Следующей в списке была Пруссия. Курт фон Шлейхер, наиболее влиятельная фигура в камарилье вокруг рейхспрезидента Пауля фон Гинденбурга, уже давно выступал за использование чрезвычайных полномочий президента, чтобы избавиться от прусского правительства, передав его обязанности национальной исполнительной власти.64 На заседании кабинета министров 11 июля 1932 года новый министр внутренних дел Вильгельм Фрайхерр фон Гейль призвал к "окончательному решению" прусской проблемы:
Молодые, все более многочисленные и все более широкие круги движения Адольфа Гитлера должны, чтобы сделать силы нации полезными для восстановления народа, освободиться от цепей, наложенных на них Брюнингом и Северингом, и должны быть поддержаны в победоносной борьбе против международного коммунизма. [...] Чтобы освободить путь для выполнения этой задачи и нанести удар по социалистическо-католической коалиции в Пруссии, дуализм между рейхом и Пруссией должен быть раз и навсегда устранен путем смещения прусского правительства".65
Поскольку Гейль уже согласовал эти моменты на отдельных встречах с Папеном и Шлейхером, его предложения остались неоспоренными. Пять дней спустя, 16 июля, Папен сообщил своим коллегам по кабинету, что у него есть "чистый чек" от рейхспрезидента на проведение операции против Пруссии.66
Пока планы президентской клики созревали, нацисты в полной мере использовали возможности, открывшиеся благодаря отмене Папеном запрета на деятельность СС и СА. С 12 июня нацистские штурмовики вновь вышли на улицы в поисках окончательной расправы с коммунистами. Поднялась волна уличного насилия. Беспорядки достигли высшей точки в Альтоне, оживленном портовом и промышленном городе, примыкающем к Гамбургу, но расположенном на территории прусской провинции Гольштейн. Здесь, в "кровавое воскресенье" 17 июля 1932 года, нацисты устроили провокационное шествие по рабочему (и в основном коммунистическому) кварталу города. В последовавшем за этим побоище восемнадцать человек были убиты - большинство из них от выстрелов полиции - и более 100 ранены. Папен и его коллеги увидели свой момент. Утверждая, что прусское правительство не справилось с обязанностями по наведению правопорядка на своей территории - фантастически циничное обвинение, учитывая, что именно Папен сам приостановил действие запрета на военизированные организации, - канцлер добился от Гинденбурга принятия 20 июля 1932 года чрезвычайного указа о низложении правительства министра-президента Отто Брауна и замене прусских министров на "комиссаров" национальной исполнительной власти.67 Альберт Гржезинский, заместитель президента полиции Берлина Бернхард Вайс и Маркус Хайманнсберг, член Центристской партии, поднявшийся по служебной лестнице до высокого поста, были заключены в тюрьму, а затем освобождены, когда они обязались мирно отказаться от выполнения своих служебных обязанностей. В Берлине было объявлено чрезвычайное положение.

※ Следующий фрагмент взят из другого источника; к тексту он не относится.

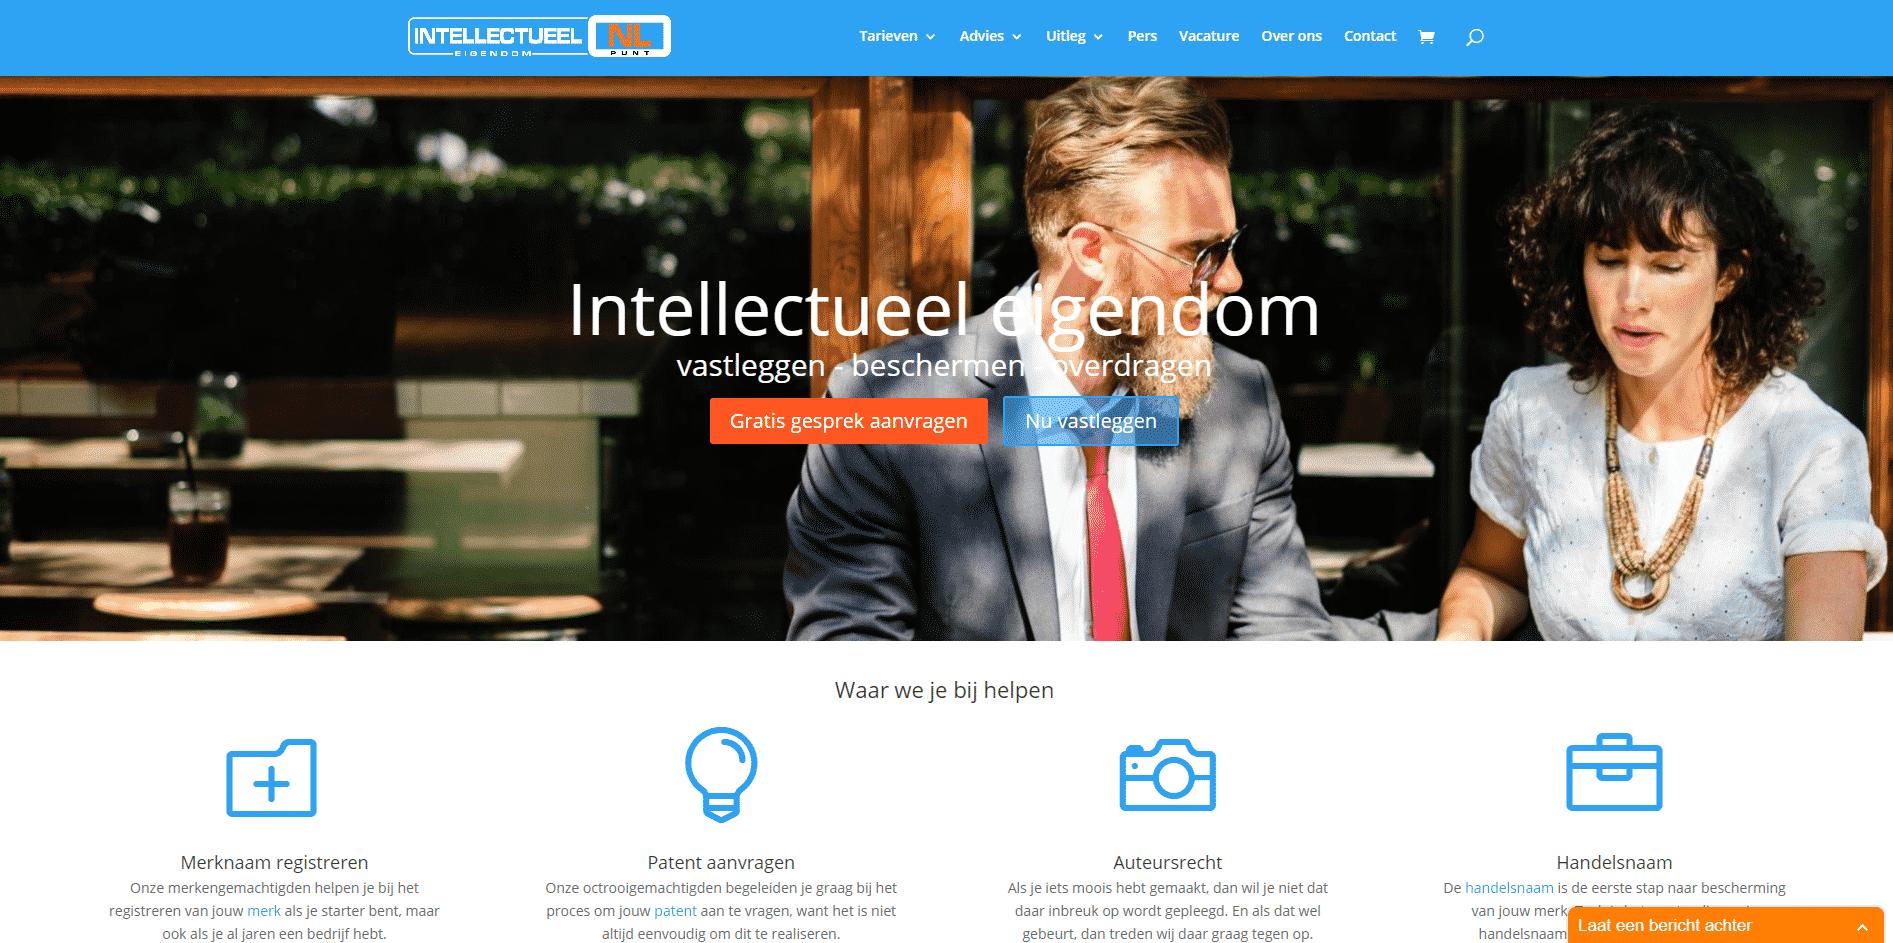 IntellectueelEigendom.nl

Руководство СДПГ отреагировало на этот абсолютно незаконный маневр с глубокой пассивностью и покорностью. О том, что готовится подобная акция, было известно уже несколько недель, но никаких попыток спланировать или организовать сопротивление предпринято не было. В декабре 1931 года социал-демократы создали оборонительную организацию под названием "Железный фронт", состоящую из ополчения под названием "Рейхсбаннер", различных профсоюзных организаций и сети рабочих спортивных клубов, но она не была мобилизована или даже приведена в боевую готовность. Даже после событий 17 июля в Альтоне, когда СДПГ в Берлине узнала, что переворот неминуем, ничего не было предпринято. Напротив, на собрании, состоявшемся на следующий день после "Кровавого воскресенья", руководство партии решило не выступать с призывом к всеобщей забастовке и не санкционировать вооруженное сопротивление. Это, по меньшей мере, обнадеживало Папена и его соучастников, которые теперь могли быть уверены, что переворот пройдет без серьезного сопротивления.
Причины этой прискорбной вялости достаточно легко определить. Прусские социал-демократы и их союзники по коалиции были уже деморализованы неудачей собрать большинство в ландтаге после земельных выборов в апреле 1932 года. Будучи принципиальными демократами, они чувствовали себя политически подорванными вердиктом избирателей. Для такого юридически мыслящего человека, как Отто Браун, переход от чиновничества к повстанческой деятельности не был естественным: "Я был демократом в течение сорока лет, - сказал он своему секретарю, - и я не собираюсь становиться партизанским вождем".68 Браун и многие его соратники считали, что централизация рейха и раздел Пруссии неизбежны в долгосрочной перспективе - возможно, это не позволило им занять позицию по вопросу о правах государства, как бы их ни ужасали политические махинации, стоявшие за переворотом?69 Соотношение сил в любом случае складывалось против прусского правительства. Призыв к всеобщей забастовке - оружие, с помощью которого Капп и Люттвиц свергли власть в 1920 году, - был бы бесполезен, учитывая высокий уровень безработицы в 1932 году.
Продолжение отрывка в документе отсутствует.